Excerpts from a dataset
============
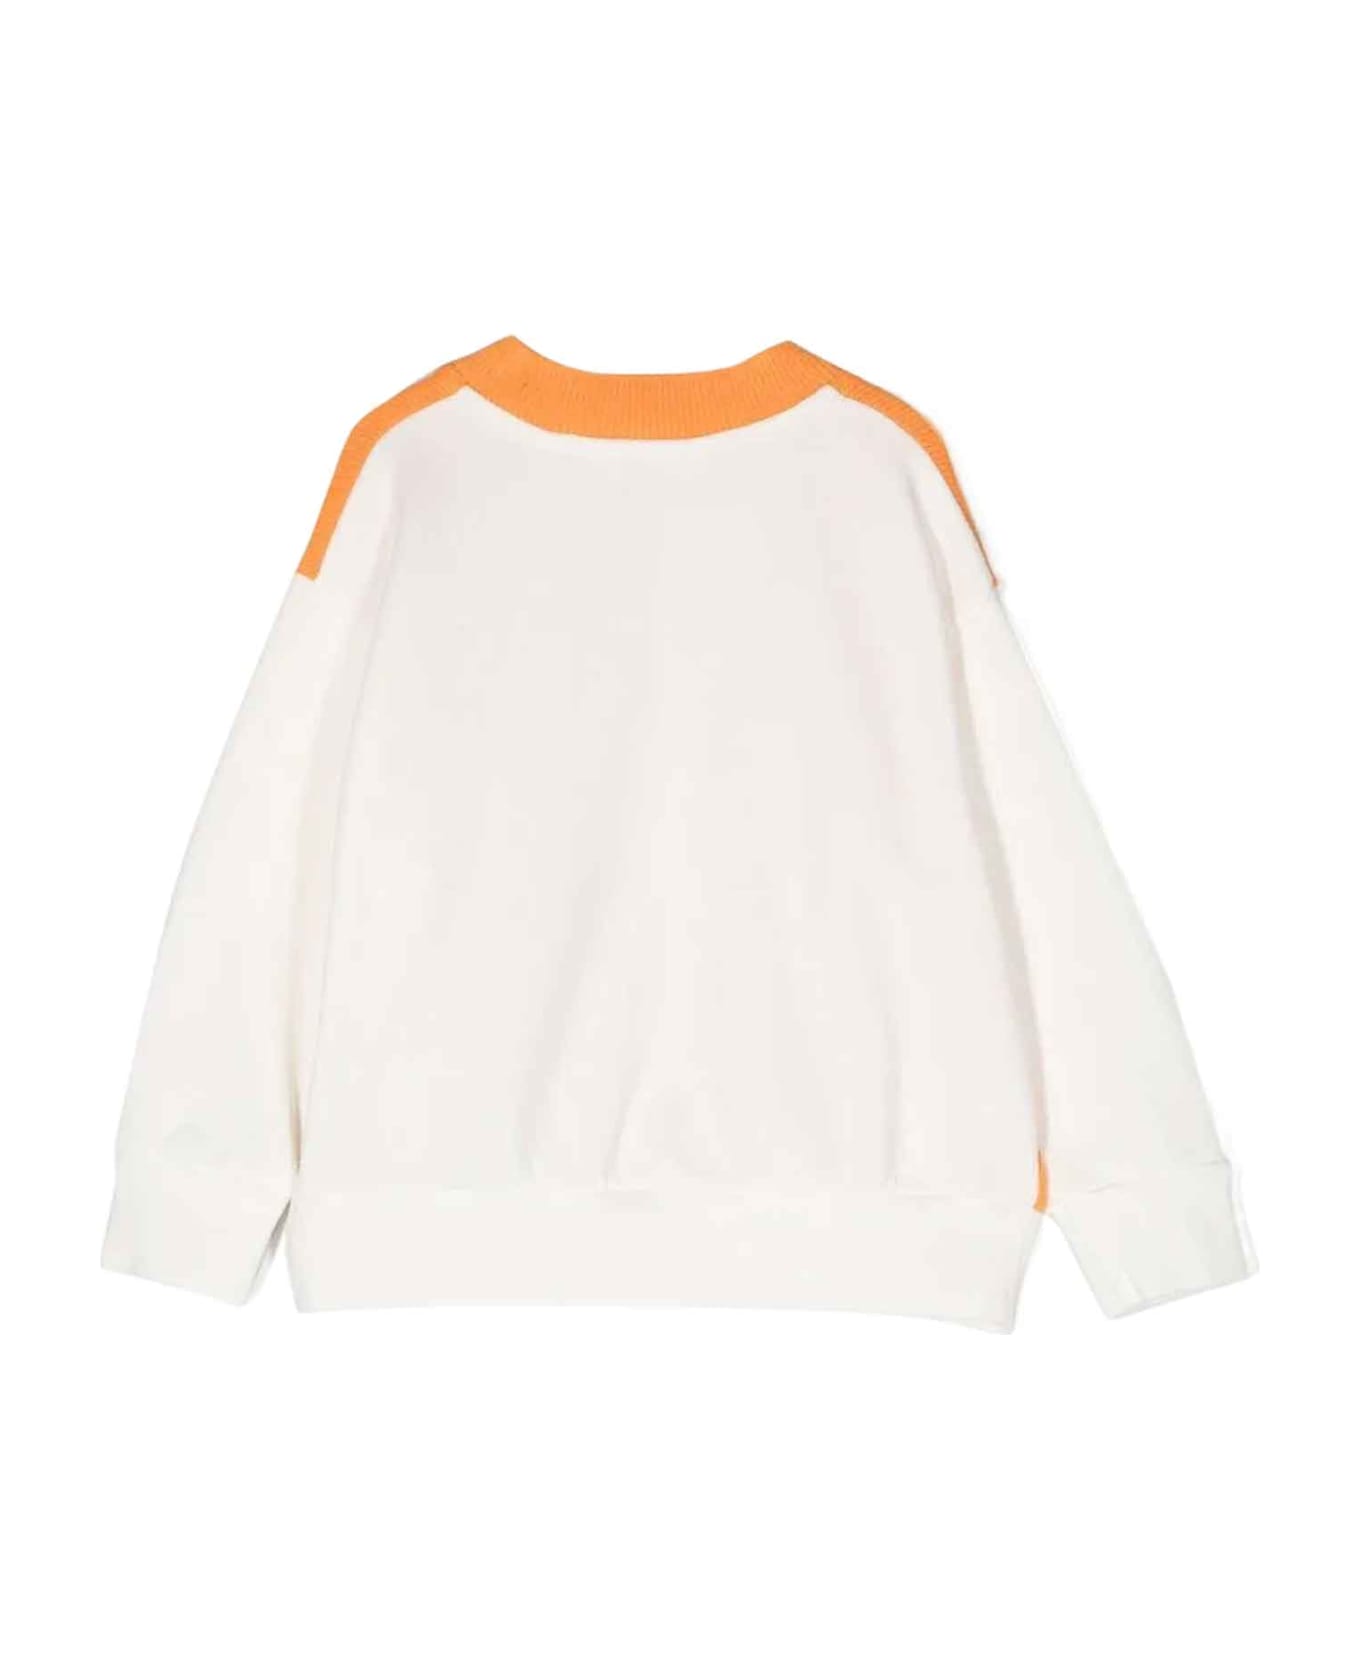 Palm Angels Orange Sweatshirt Boy - Arancione シャツ
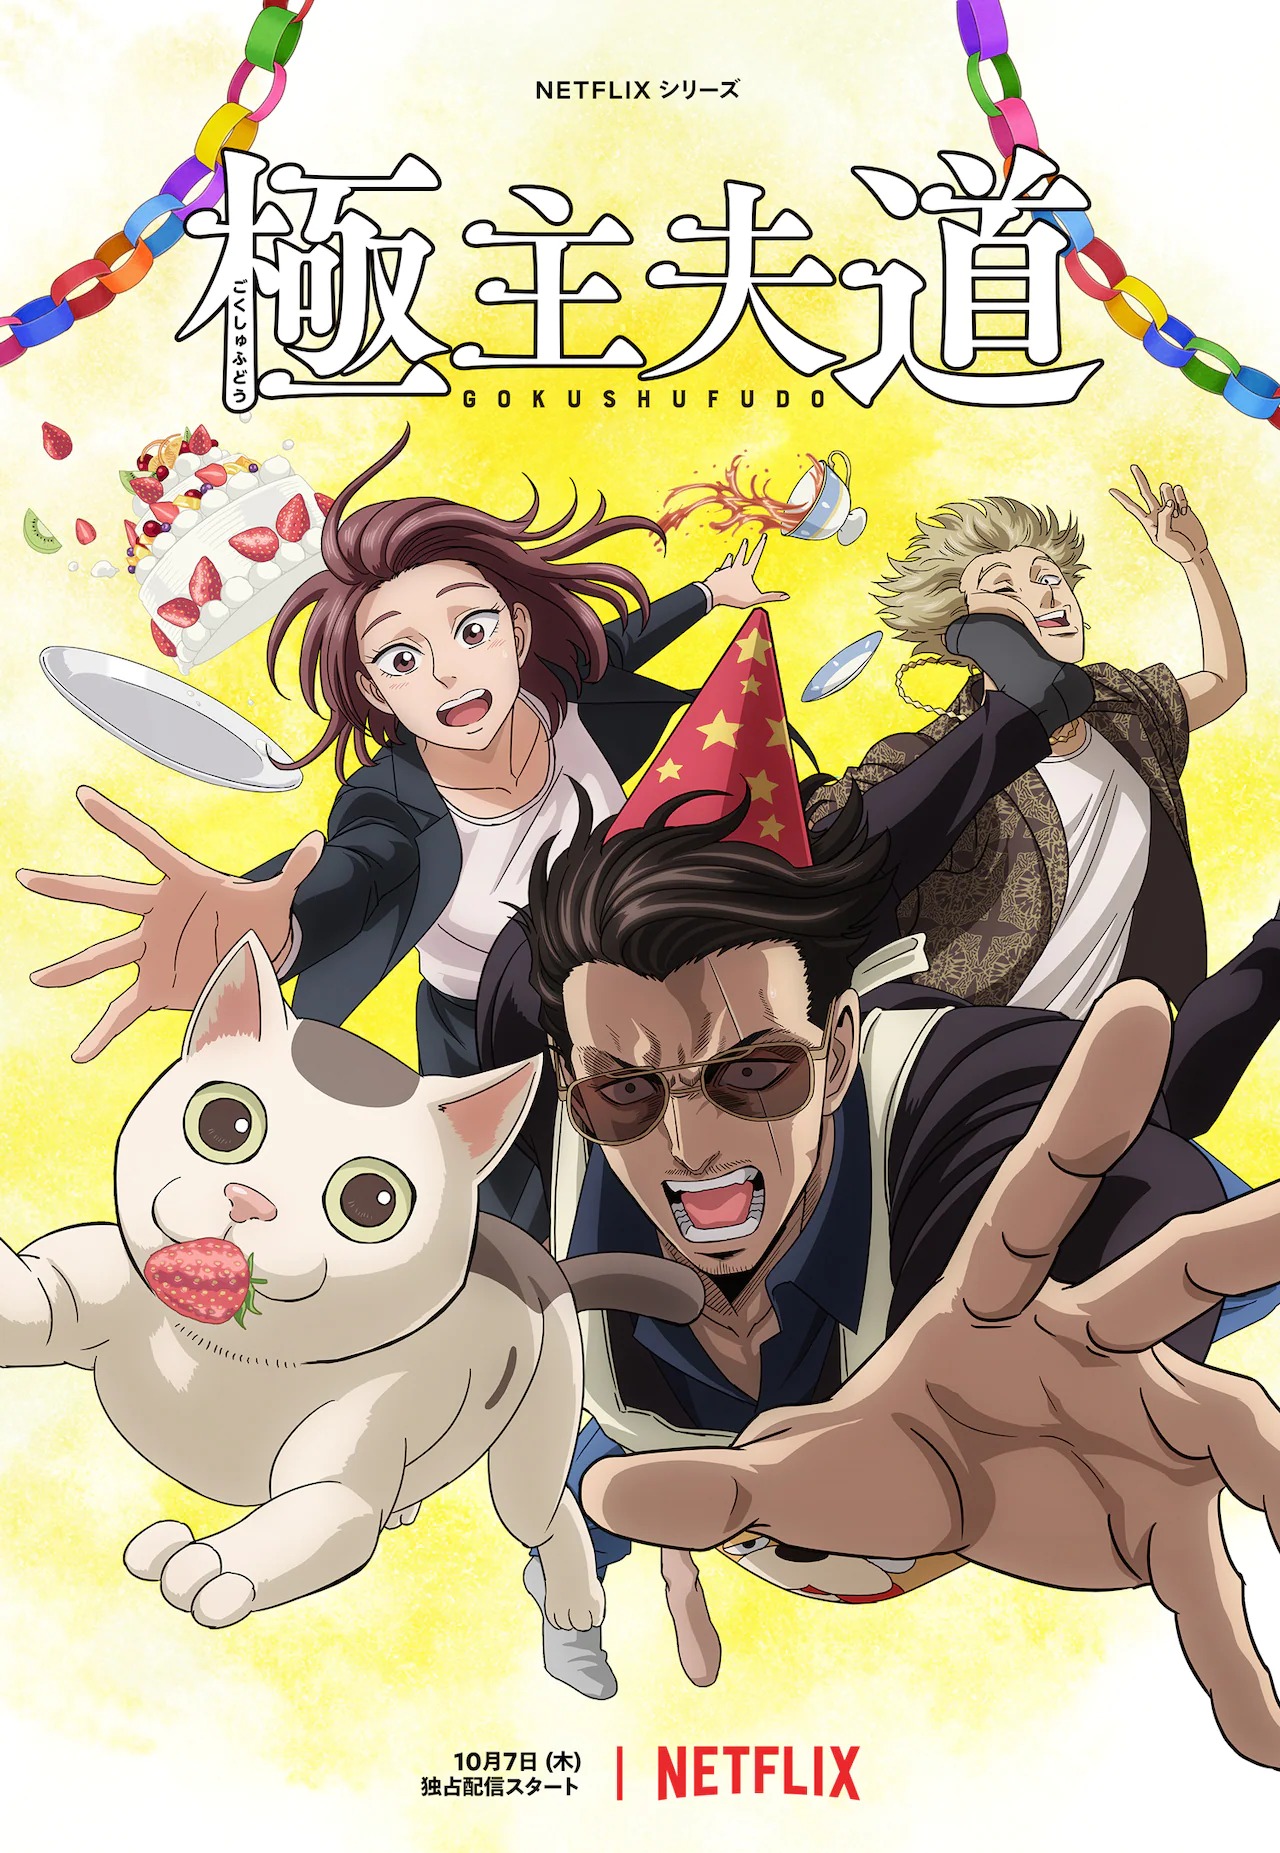 Animes octubre 2021: de Mushoku Tensei a Kimetsu no Yaiba, las
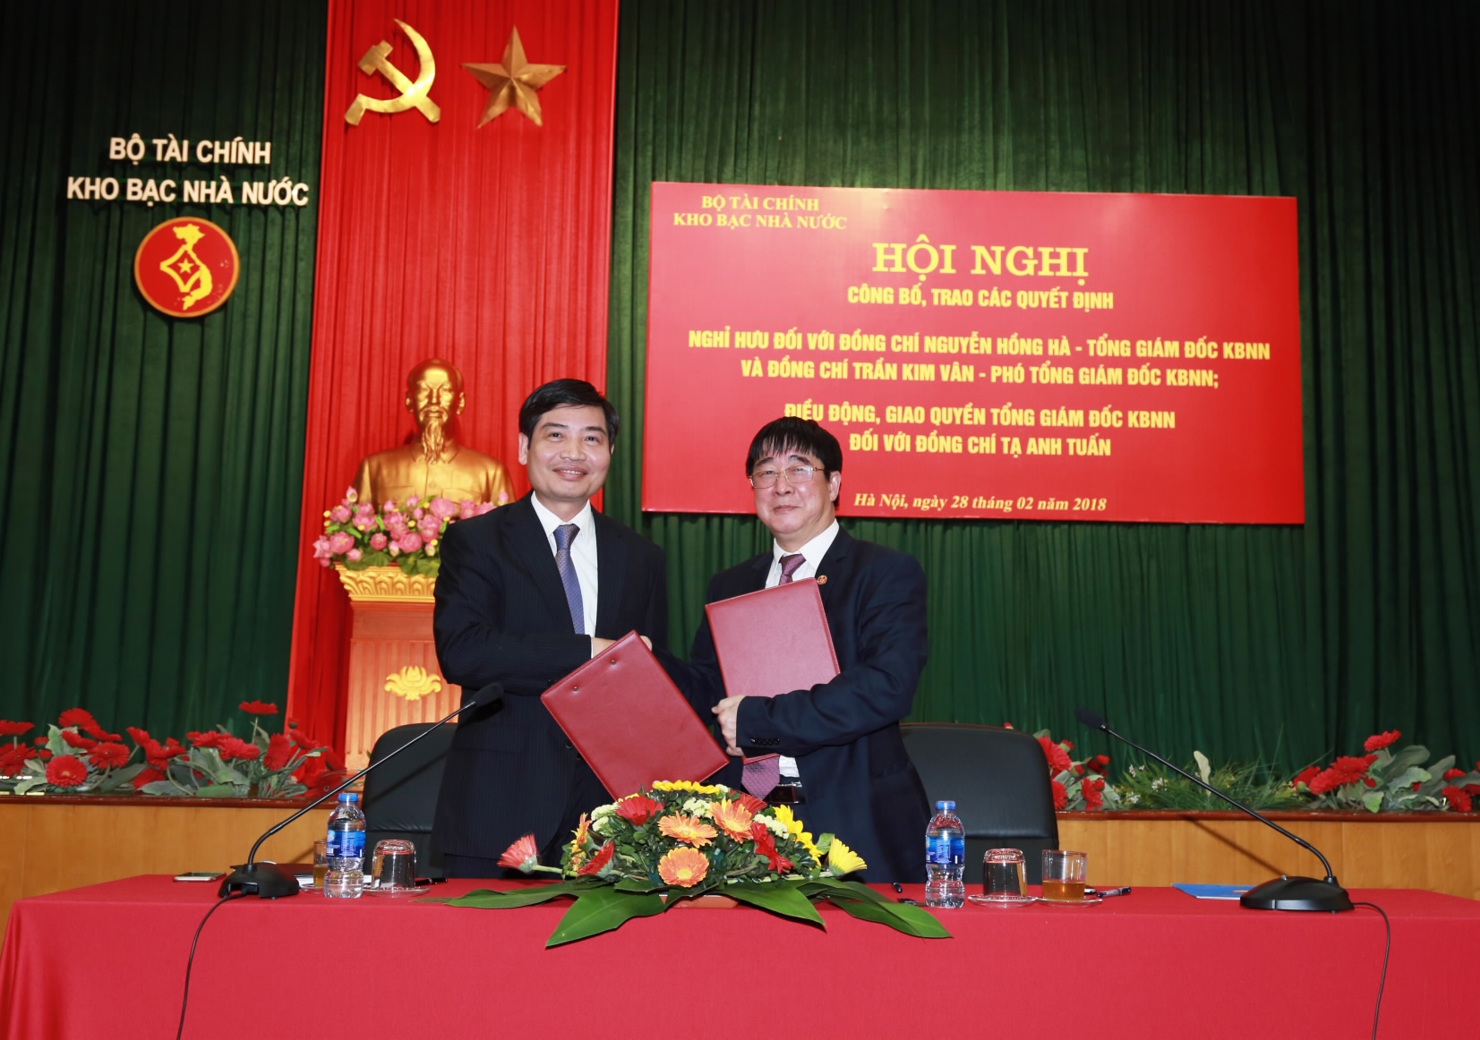 Nguyên Tổng Giám đốc Nguyễn Hồng Hà và Quyền Tổng Giám đốc Tạ Anh Tuấn chính thức ký biên bản bàn giao nhiệm vụ Tổng Giám đốc KBNN.
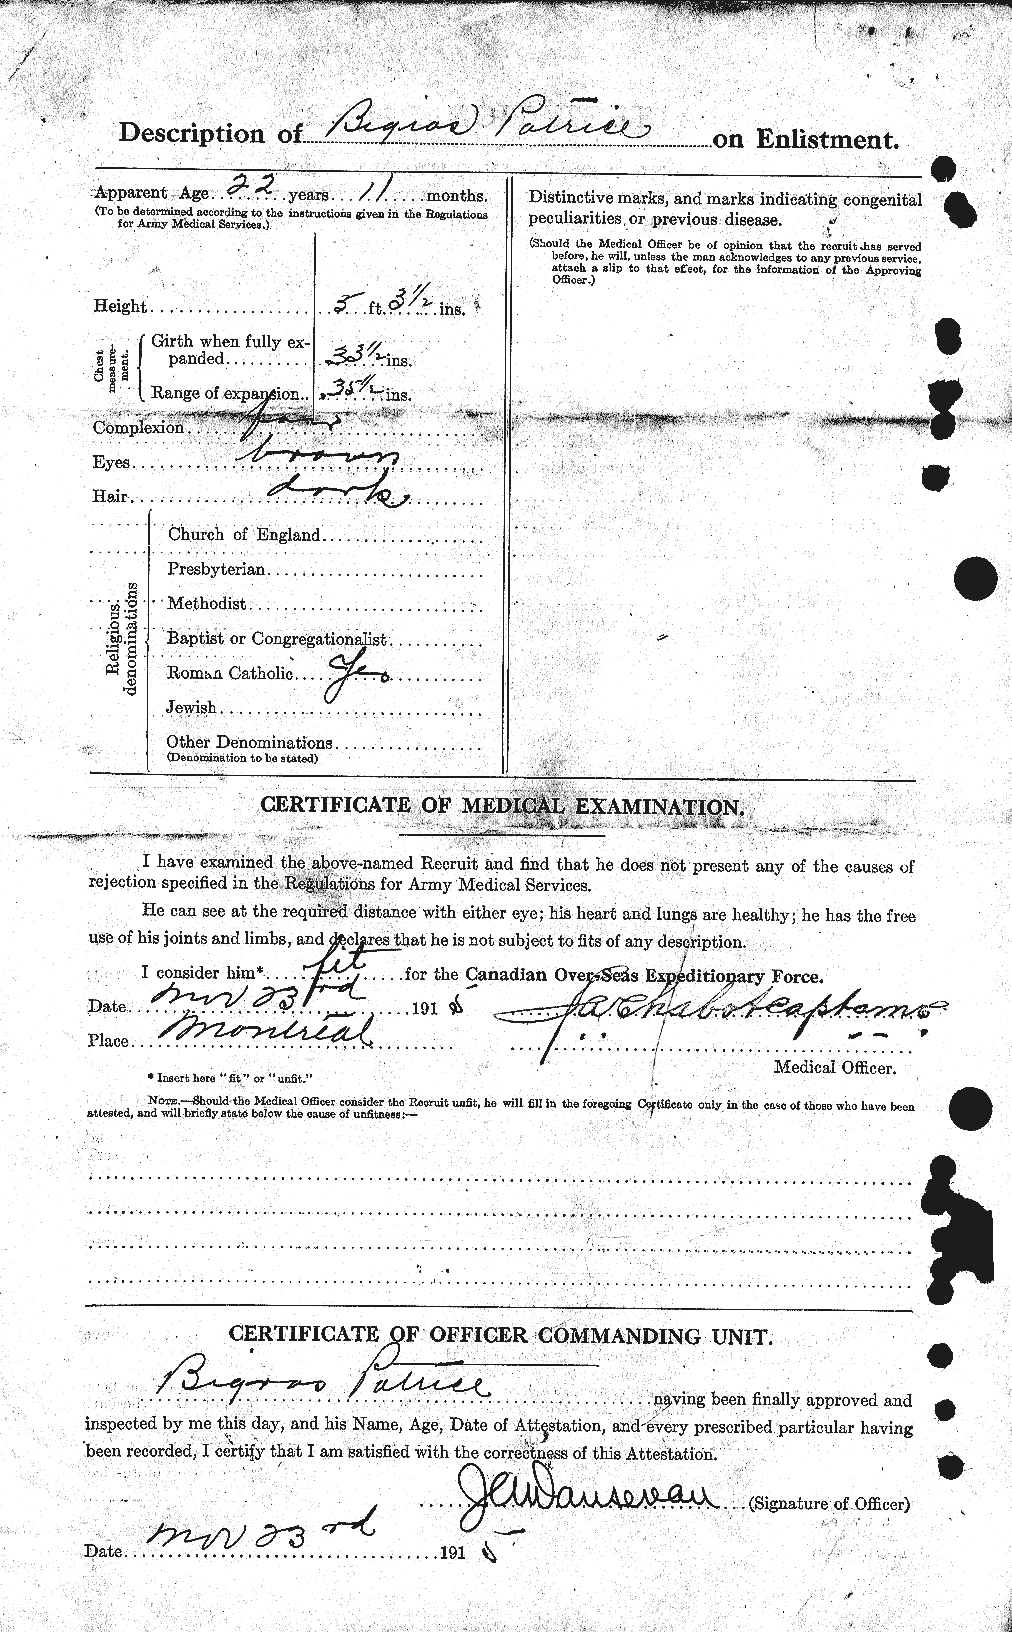 Dossiers du Personnel de la Première Guerre mondiale - CEC 239053b
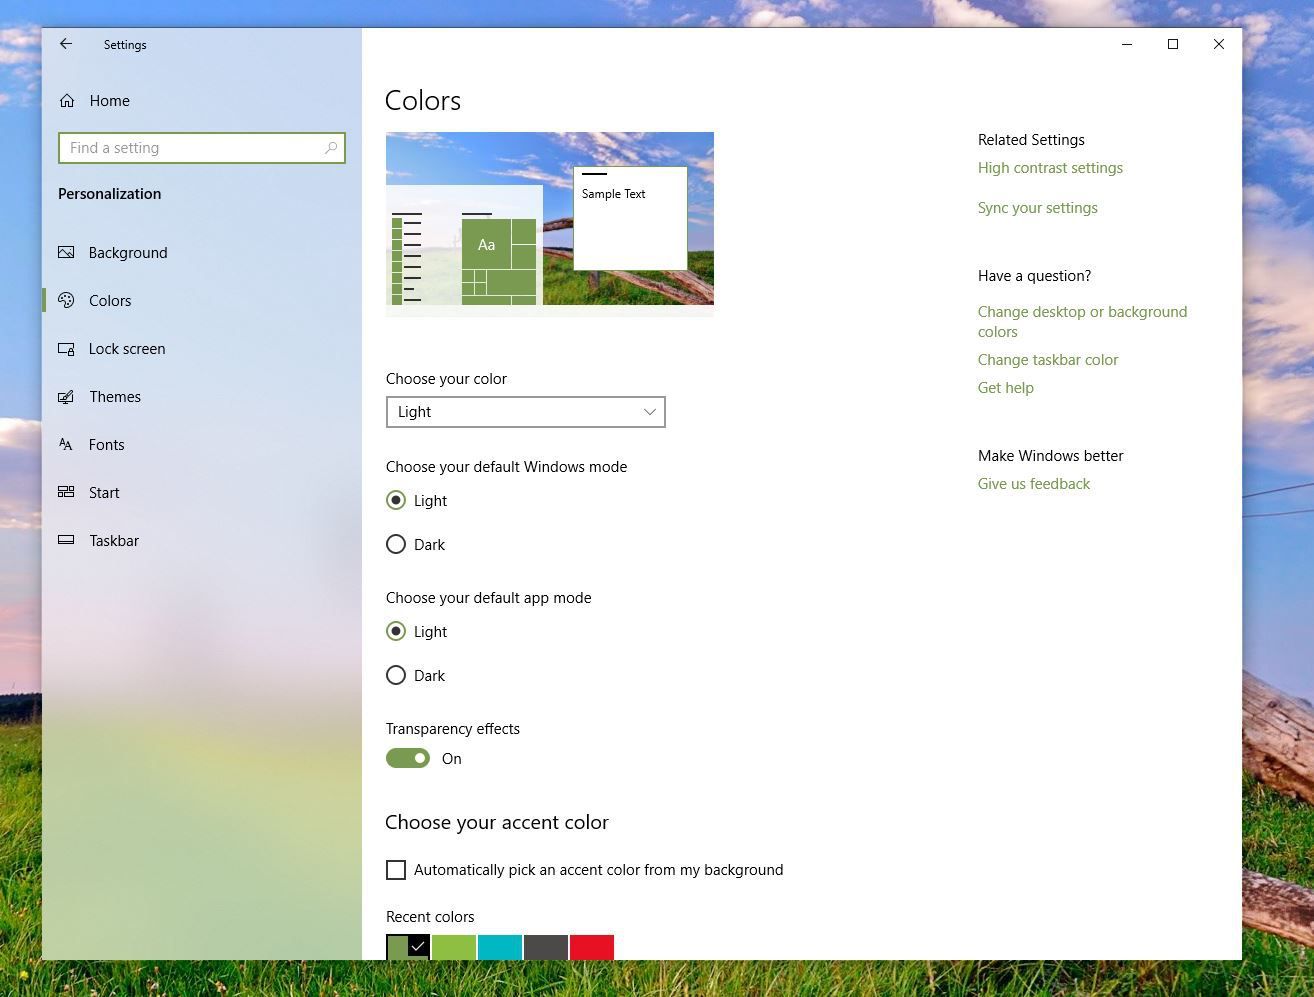 Снимок экрана с вариантами цветов в темах
============
Exercise instructions> Line by line, print the records exactly, leaving the pictures behind.

Expected answer>
 Palm Angels Orange Sweatshirt Boy - Arancione シャツ
 Animes octubre 2021: de Mushoku Tensei a Kimetsu no Yaiba, las
 Nguyên Tổng Giám đốc Nguyễn Hồng Hà và Quyền Tổng Giám đốc Tạ Anh Tuấn chính thức ký biên bản bàn giao nhiệm vụ Tổng Giám đốc KBNN.
 Dossiers du Personnel de la Première Guerre mondiale - CEC 239053b
 Снимок экрана с вариантами цветов в темах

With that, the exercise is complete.